4.The complaint by the respondents was, inter alia, that this arbitral increase of cess on forest produce from Kshs 60,000/= per month to Kshs 5,195,160/= per month was effected without consulting key stakeholders, who included the respondents.
5.The 1st and 2nd respondents also sought to challenge the constitutionality of Baringo County Finance Act, 2015 as relates to levy of cess on forest produce by the 1st appellant vis-à-vis the provisions of Article 62(3) of the Constitution which vests State forests to the National Government. The enactment of the Baringo County Finance Act, 2015 was also said to have offended the provisions of both Articles 209 (3)(c) and Article 210 (1) of the Constitution as there was no Act of Parliament in place authorizing the levying of cess of forest produce from State forests.
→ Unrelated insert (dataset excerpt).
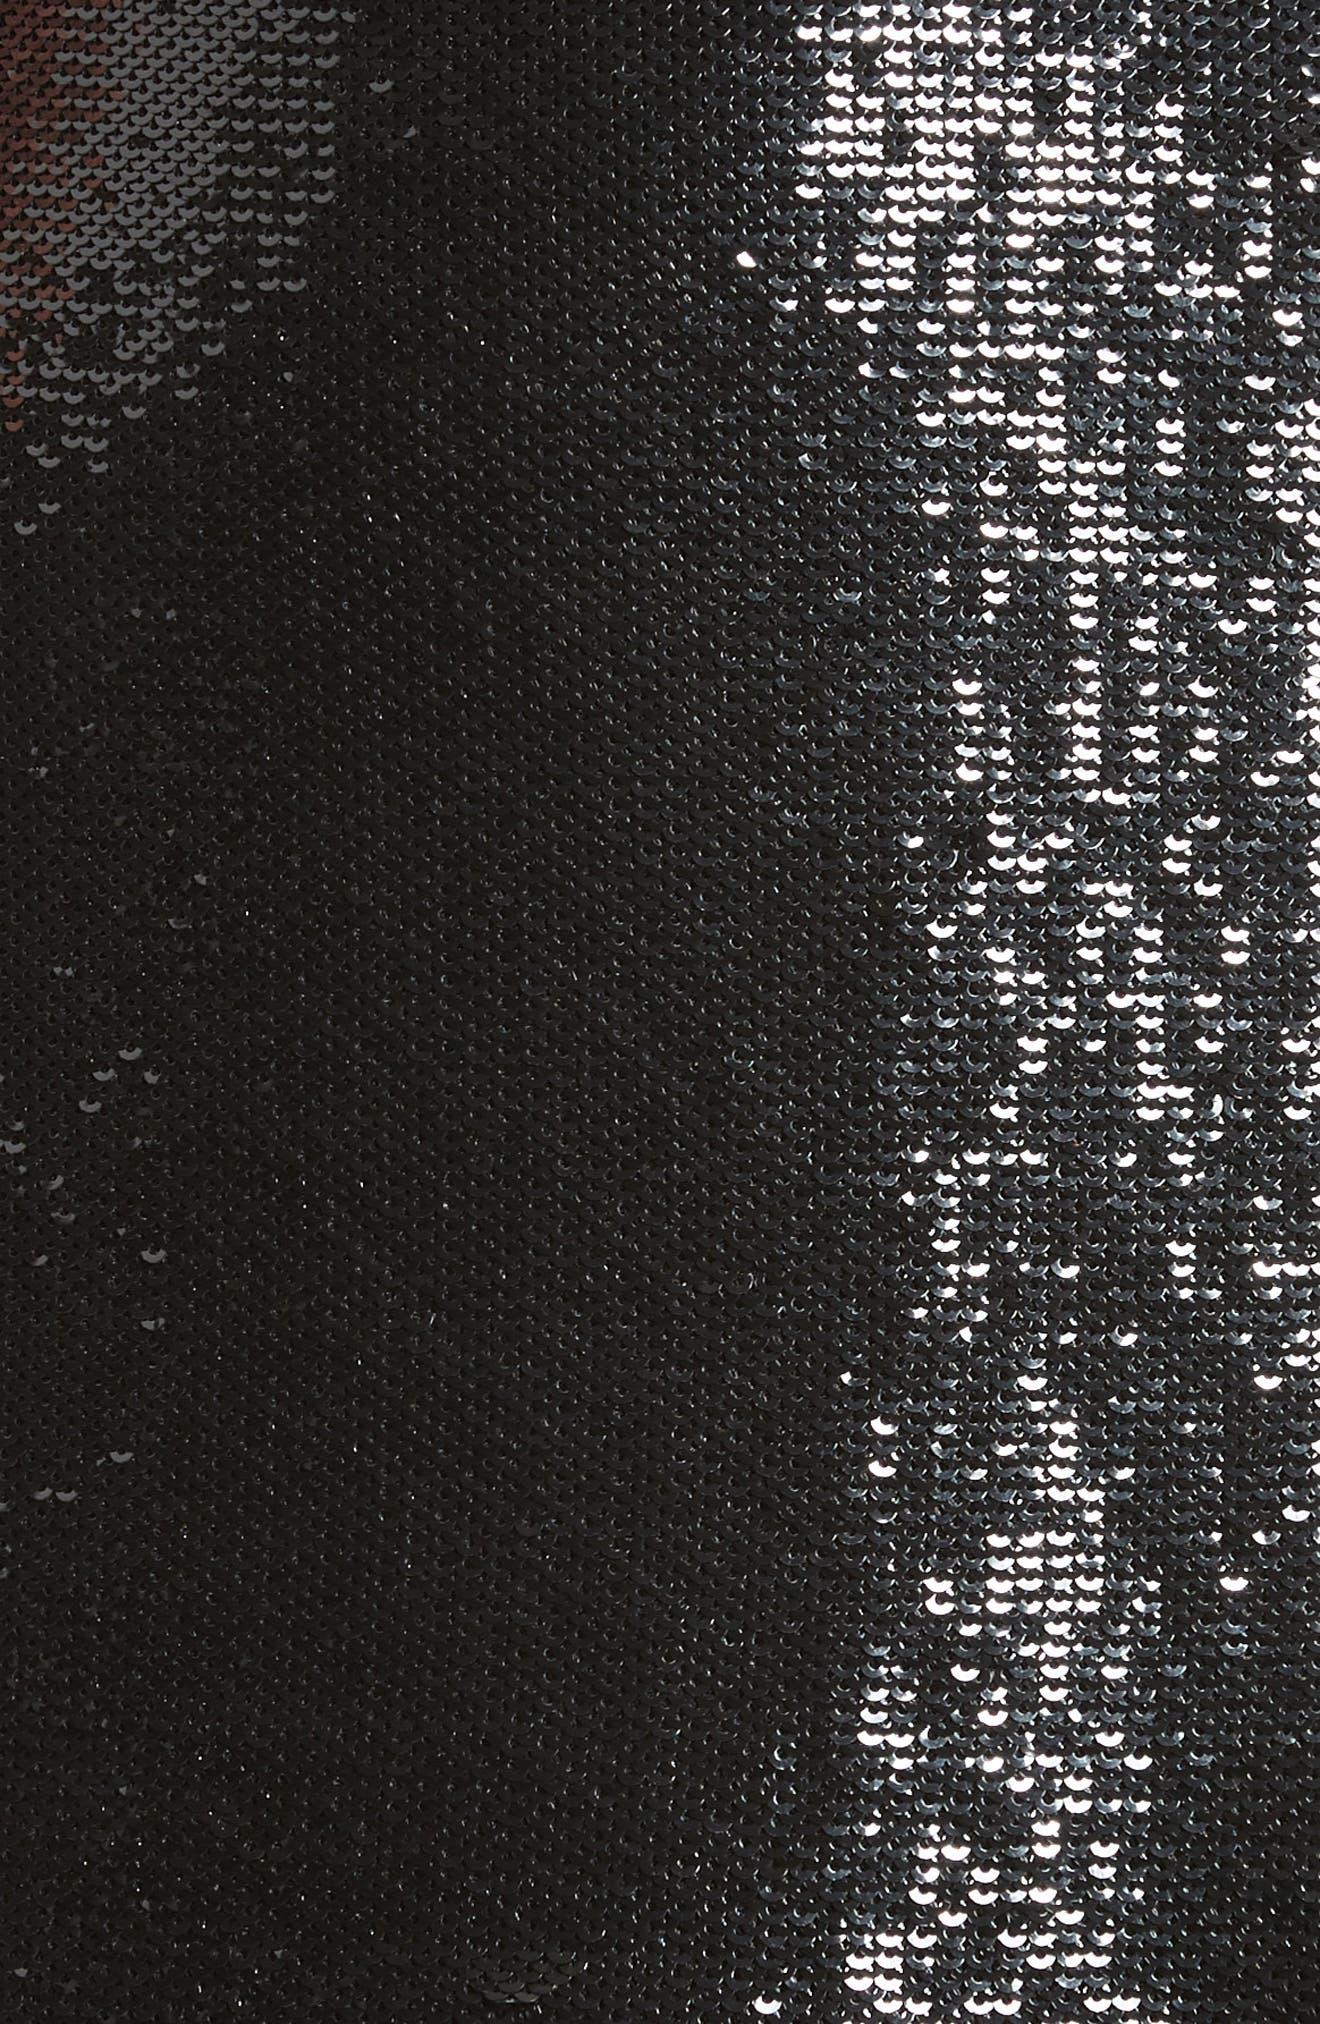 Diane von Furstenberg Sequin Pencil Skirt,                             Alternate thumbnail 5, color,                             001

Other provisions of the Constitution that the appellants were alleged to have contravened included Articles 10, 27, 28, 40, 46, 185(2) and 199.
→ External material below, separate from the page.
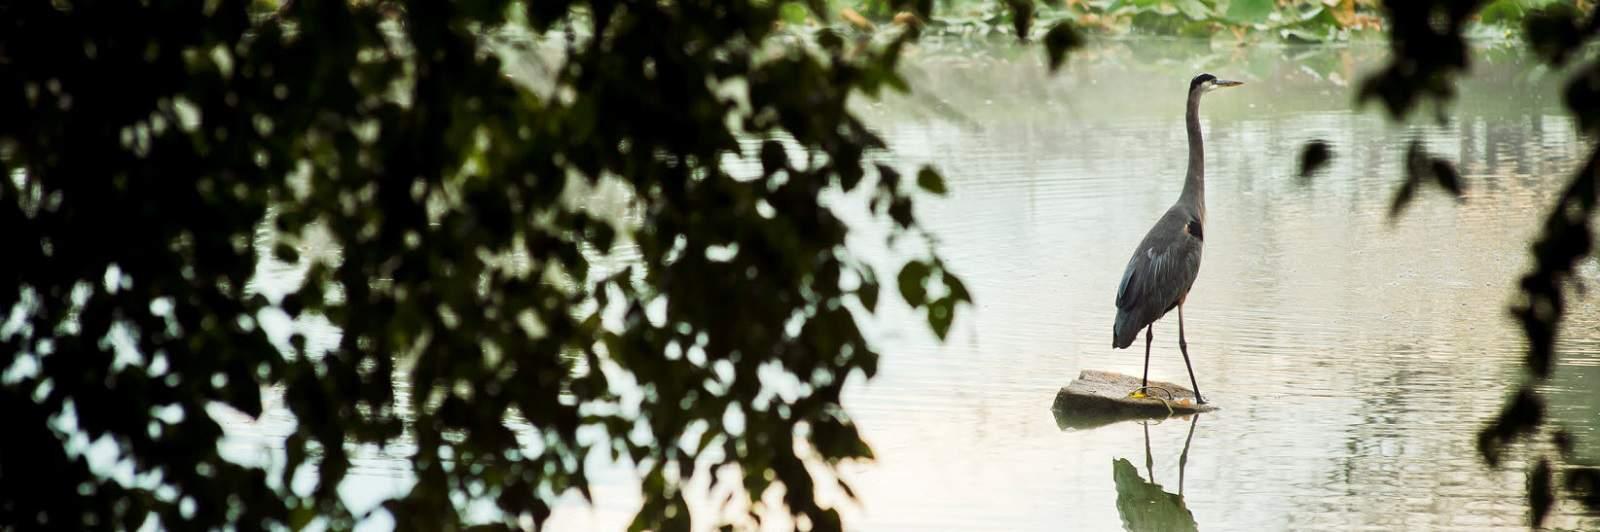 Blue Heron on community pond

6.The salient reliefs sought in the consolidated petitions included a declaration that the appellants’ actions were brazen, illegal, egregious, discriminative and in violation of the 1st and 2nd respondents’ constitutional rights; a declaration that the actions of the appellants had violated rights of the 1st and 2nd respondent under Article 1, 10, 27, 28, 40, 46, 48, 196, 199 and 209 of the Constitution as read together with sections 2, 4 and 20 of the Forests Act, 2005, section 132 of the Public Finance Management Act, 2012 and sections 116 to 121 of the County Government Act, 2012; a declaration that section 10 of the Second Schedule of the Baringo County Finance Act, 2015 violates the provisions of Articles 185(2) and 209 of the Constitution to the extent that it empowers the 1st appellant to levy cess in respect of State forests owned and managed by the 4th appellant within Baringo County; an order of permanent injunction to prohibit the 1st appellant from enforcing section 10 of the Second Schedule of the Baringo County Finance Act, 2015 to levy cess in respect of state forests within Baringo County; a declaration that the demand by the 1st appellant for payment of outstanding cess is illegal for being in violation of Article 62(3),185(2) and 209 of the Constitution; a declaration that by dint of Article 62(3),185(2) and 209 of the Constitution the 2nd appellant has no power to enact a law providing for the levying of cess in respect of forest produce from State forests within Baringo County; an order of certiorari to remove into the High Court for the purpose of quashing the decision by the appellants to levy additional cess amounting to double taxation; an order for compensation of the 1st and 2nd respondents for violation of their rights and freedoms under the Constitution, and an order for compensation for the illegal detention of their trucks loaded with forest produce and the consequential loss of user.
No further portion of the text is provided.